Interesting that a considerable number of articles returned from the PubMed search reference BPA. ” But BPA lines an estimated 75 percent of canned foods in North America,” [Mother Jones]

  • “Short-term feeding of canned dog food increased circulating BPA concentrations in dogs comparable to amounts detected in humans, and greater BPA concentrations were associated with serum chemistry and microbiome changes.” [2017]
  • Gut dysbiosis may result in various diseases, such as metabolic and neurobehavioral disorders. Exposure to endocrine disrupting chemicals (EDCs), including bisphenol A (BPA) and ethinyl estradiol (EE), especially during development, may also increase the risk for such disorders…., BPA and EE exposure may disrupt the normal gut flora, which may in turn result in systemic effects. ” [2016]

 

Kijimea IBS Probiotic

This is a new one on the market that a reader asked me about. It is a single strain: Bifidobacteria bifidum MIMBb75

Going to PubMed to see if there is documentation, I found 8 articles. A good start.
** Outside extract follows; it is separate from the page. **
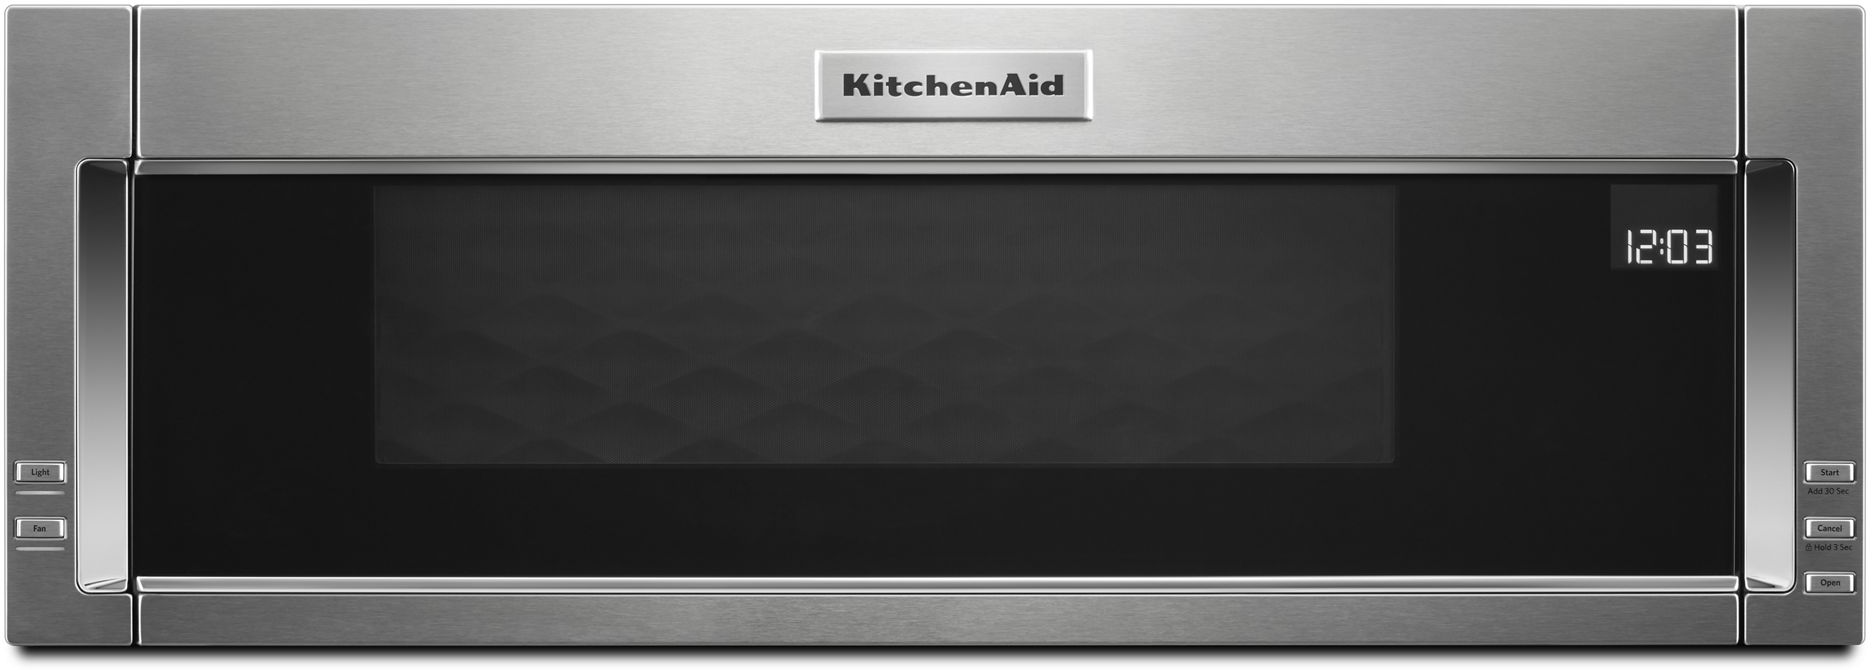 KitchenAid 1.1 Cu. Ft. Over-The-Range Microwave KMLS311HSS

  • “Bifidobacterium bifidum MIMBb75 effectively alleviates global IBS and improves IBS symptoms simultaneously with an improvement of quality of life. Considering the high efficacy of MIMBb75 in IBS along with the good side-effect profile, MIMBb75 is a promising candidate for IBS therapy…. Overall responder rates were 57% in the bifidobacteria group but only 21% in the placebo group ” [2011]
  • “These findings suggest that probiotic properties of B. bifidum MIMBb75 may partially depend on its ability to at least transiently colonize the intestine and impact on the resident microbial communities at various intestinal loci.” [2013]

Bottom Line

For IBS, I would favor Prescript Assist and Equilibrium as better choices. It is expensive, $50 for 56 capsules.

The Amazon site claims “Only bacteria strain in the world clinically shown to significantly reduce IBS and to simultaneously improve patients’ quality of life.” This is false. They have a 57% response rate, where as Prescript assist “the rate of remissions was 81.5% to 100% (P < 0.003).” [2007]  The studies only show improvement of symptoms, not remission.

 

 

Coconut Oil aka Monolaurin

In my post summarizing survey results, coconut oil featured high. One form of coconut oil is monolaurin this I have mentioned in several posts. “Monolaurin is found in coconut oil and may be similar to other monoglycerides found in human breast milk.[1]” 

So what is the difference? Coconut oil have additional active compounds which may come into play.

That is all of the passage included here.